The central theme of US foreign policy in the post-Cold War era should be "the accommodation and protection of diversity within a framework of world order... it is not now the time for the United States to retreat from the world stage". This is an re-statement, expanded to article length, of the IHT op-ed piece in 1990:03978. The theme is revisited, one year on, in 1991:06626.
Paul H. Nitze is Diplomat in Residence at the Paul H. Nitze School of Advanced International Studies at The Johns Hopkins University in Washington, D.C.
Each of us has experienced the phenomenal central European revolution of 1989, its preliminaries in Poland and its continuing aftermath, particularly in Germany and the Soviet Union. But each has done so from his or her own window on the world.
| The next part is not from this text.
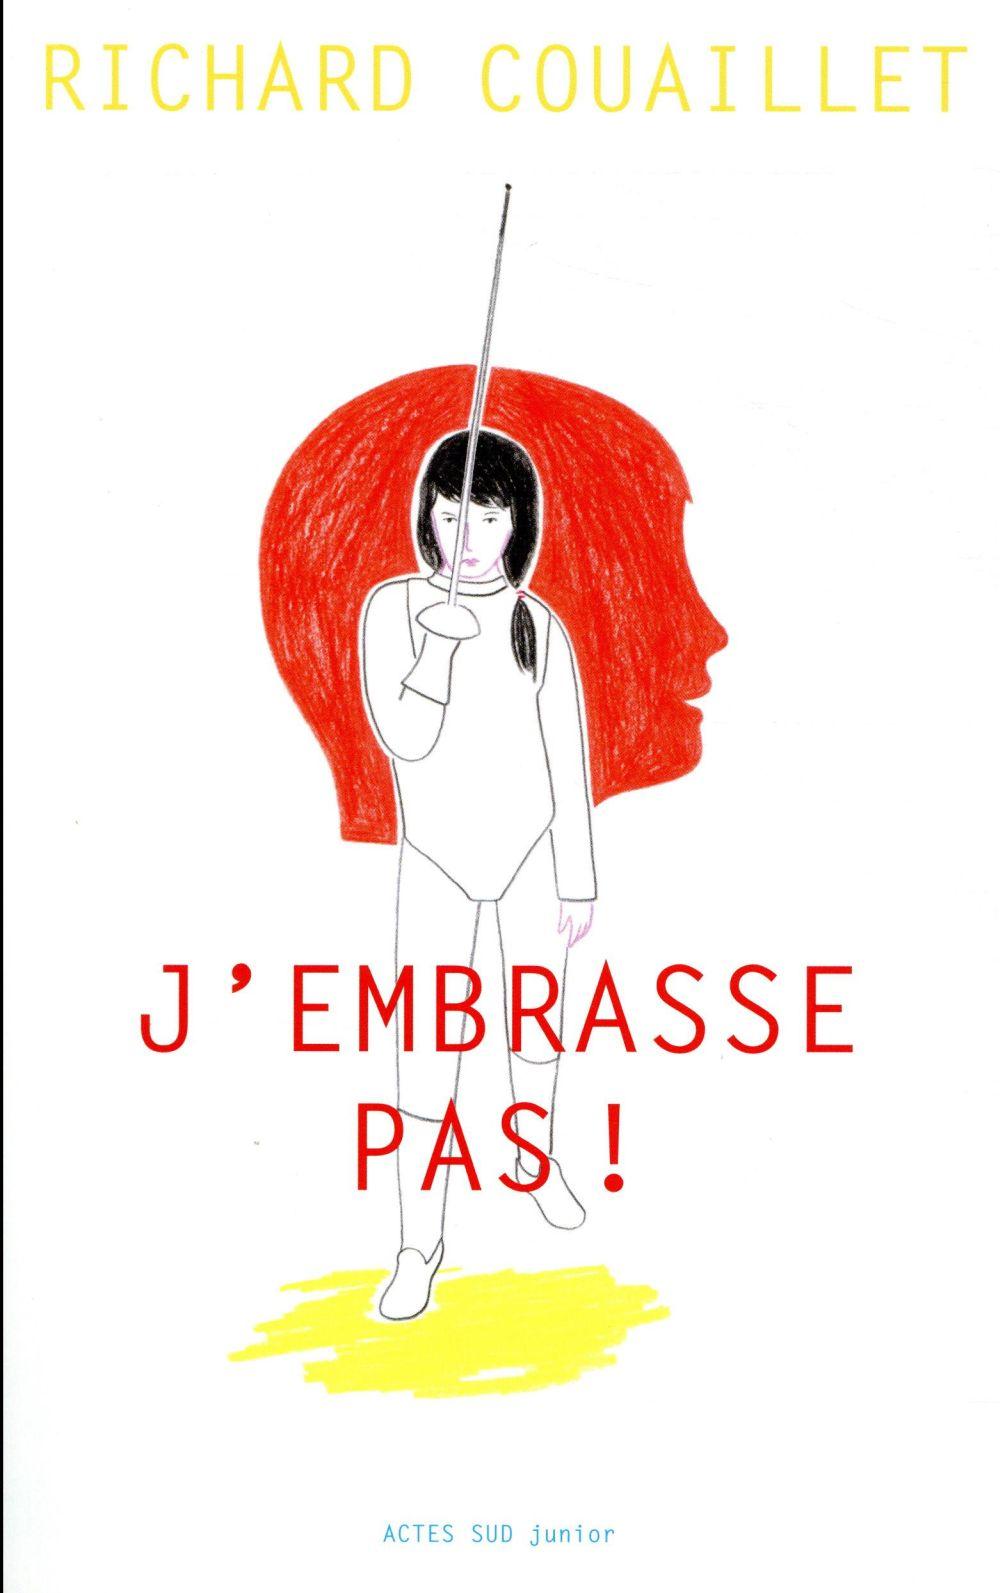 J-EMBRASSE PAS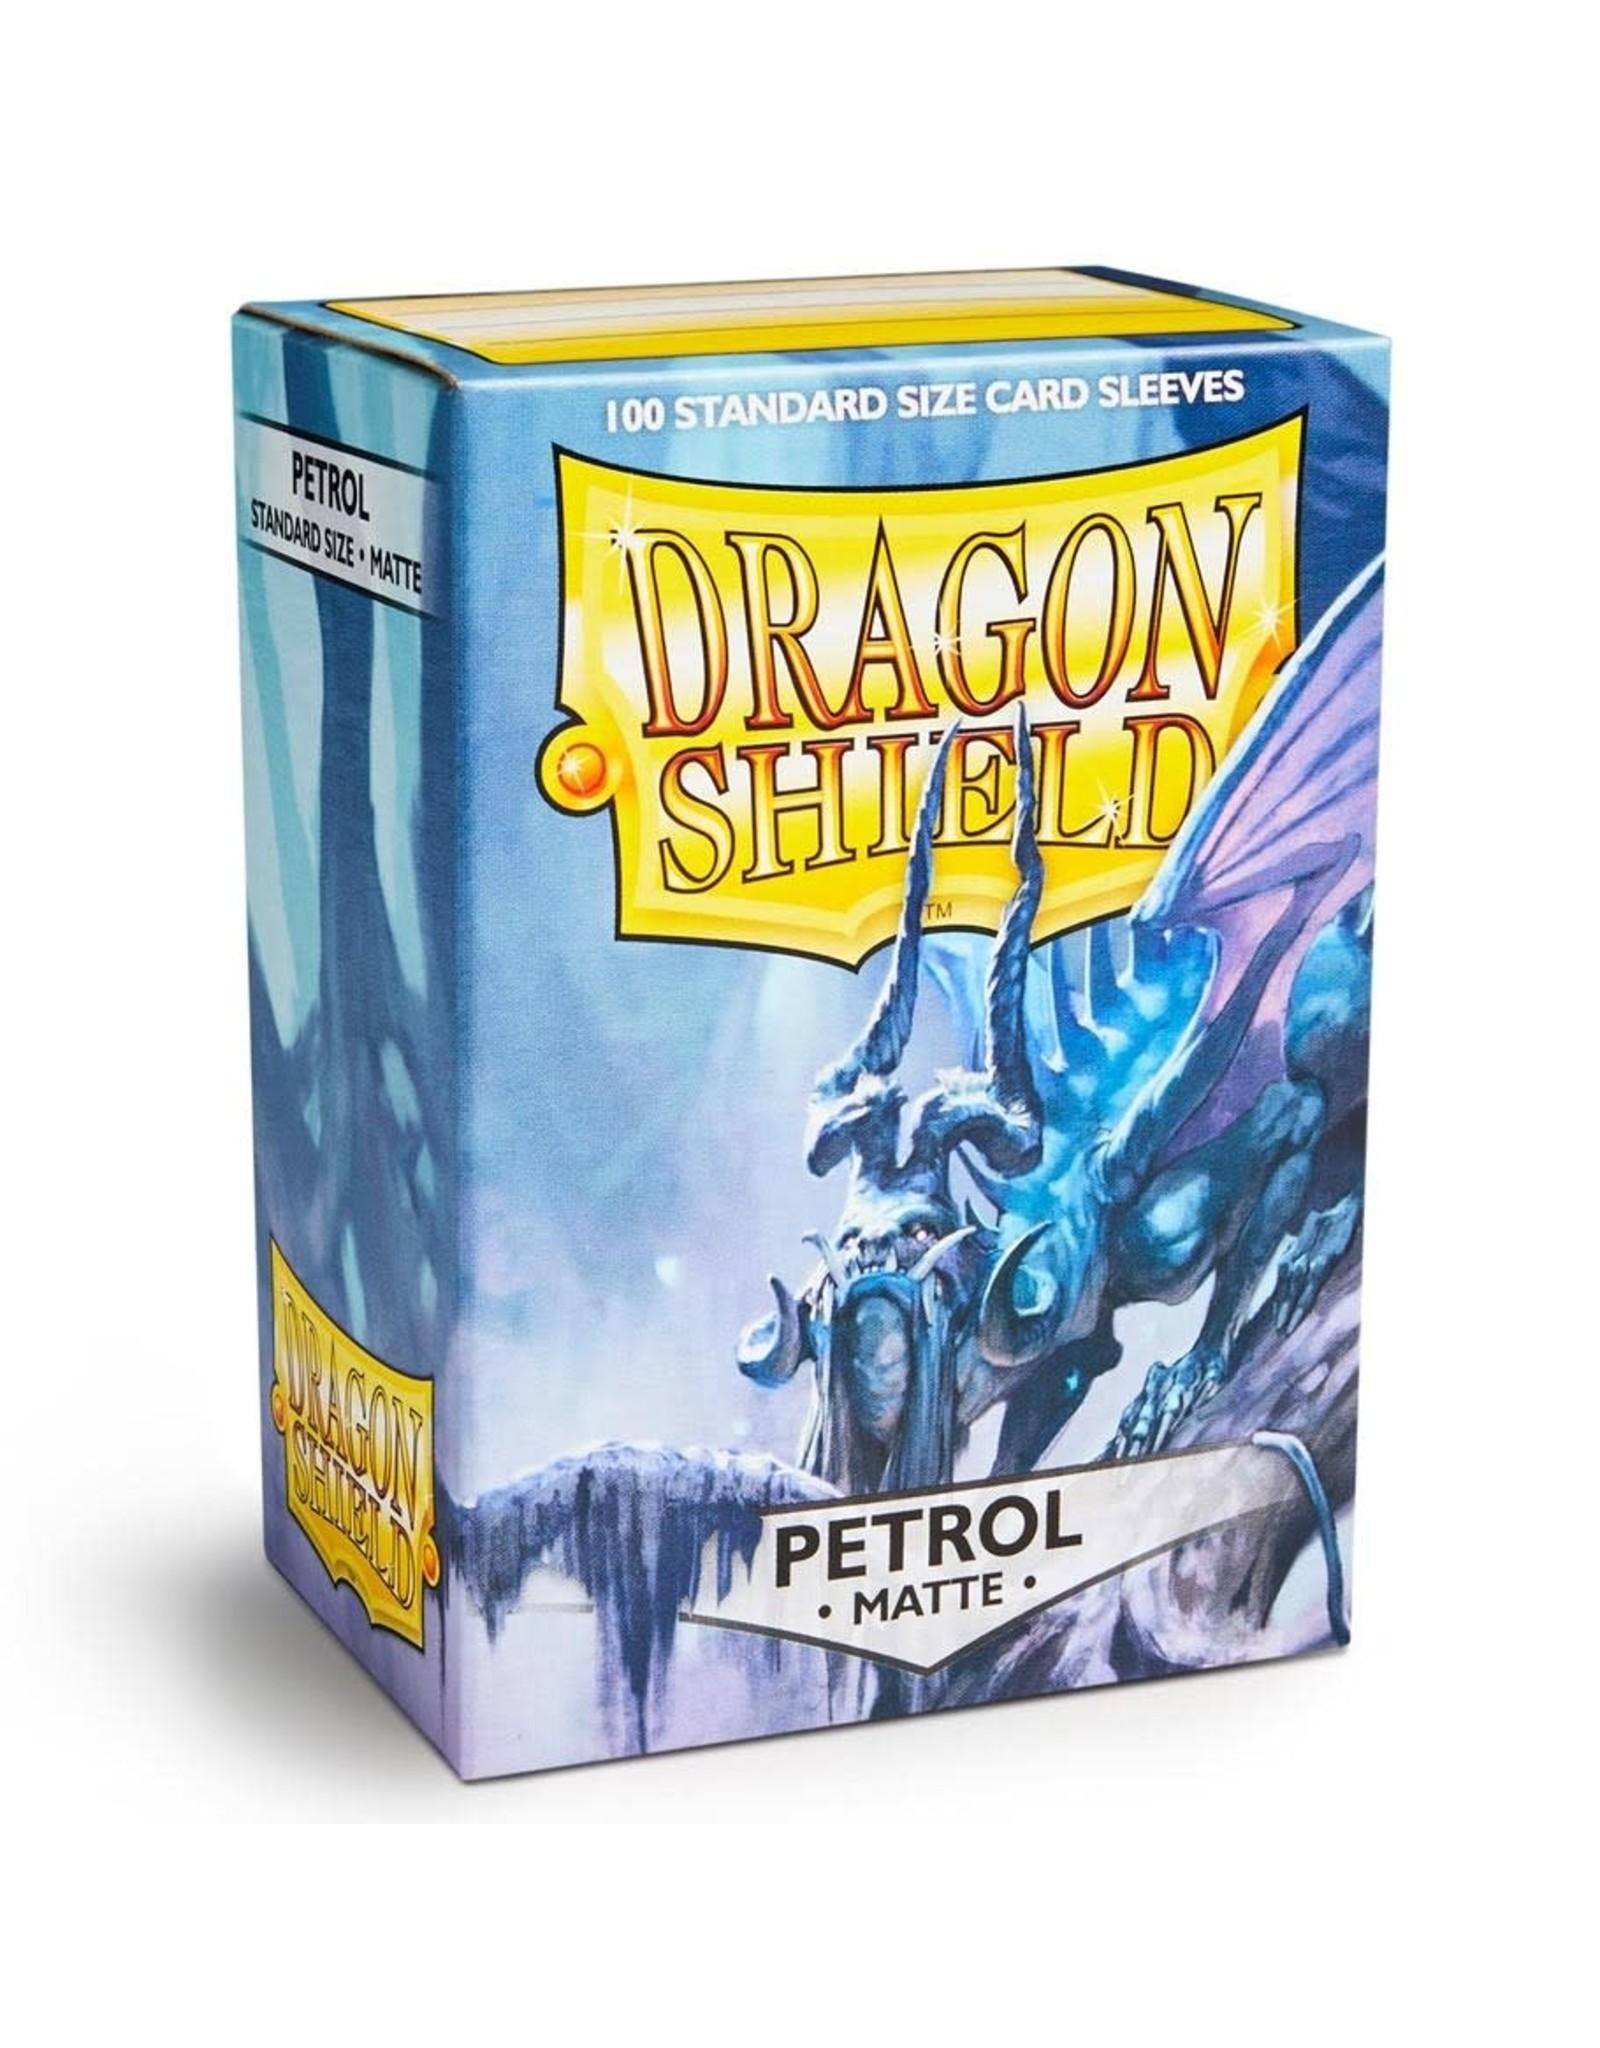 Dragon Shield Dragon Shield Matte Petrol Card Sleeves (100)

Having spent much of my life as a policy planner, I tend to focus on the future, on what lies ahead, on what is desirable and perhaps practical, and on what policies would most successfully help to bring about these aims. I also tend to translate this forward-looking perspective into American terms: What should we in this country view as our role in collaboration with others in moving the world toward this desired future?
In charting a road to the future, it is sometimes wise to look back on relevant turning points of the past. For over forty years the foreign and defense policies of the United States have been guided by a central theme, a well-defined basic policy objective. That goal, throughout the Cold War, was for the United States to take the lead in building an international world order based on liberal economic and political institutions, and to defend that world against communist attack.
The political-strategic situation is now changed. We are in an important period of transition. Our postwar policies appear to have achieved their principal objective, and a new conception of our foreign and defense policies is required as we face a future less dominated by an ideologically driven U.S.S.R. Before we can formulate a new strategy, however, it is first in order that we review our postwar policy of containment, its origins and rationale, and where and the degree to which it has succeeded.
II
In the summer and fall of 1943 fragments of discussion could be heard in Washington about U.S. postwar relations with the Soviet Union. Much of World War II remained to be fought, but for the first time Hitler's eventual defeat seemed probable. It was not too early to think about what kind of peace and relations among the leading powers we wished to see established in the postwar world.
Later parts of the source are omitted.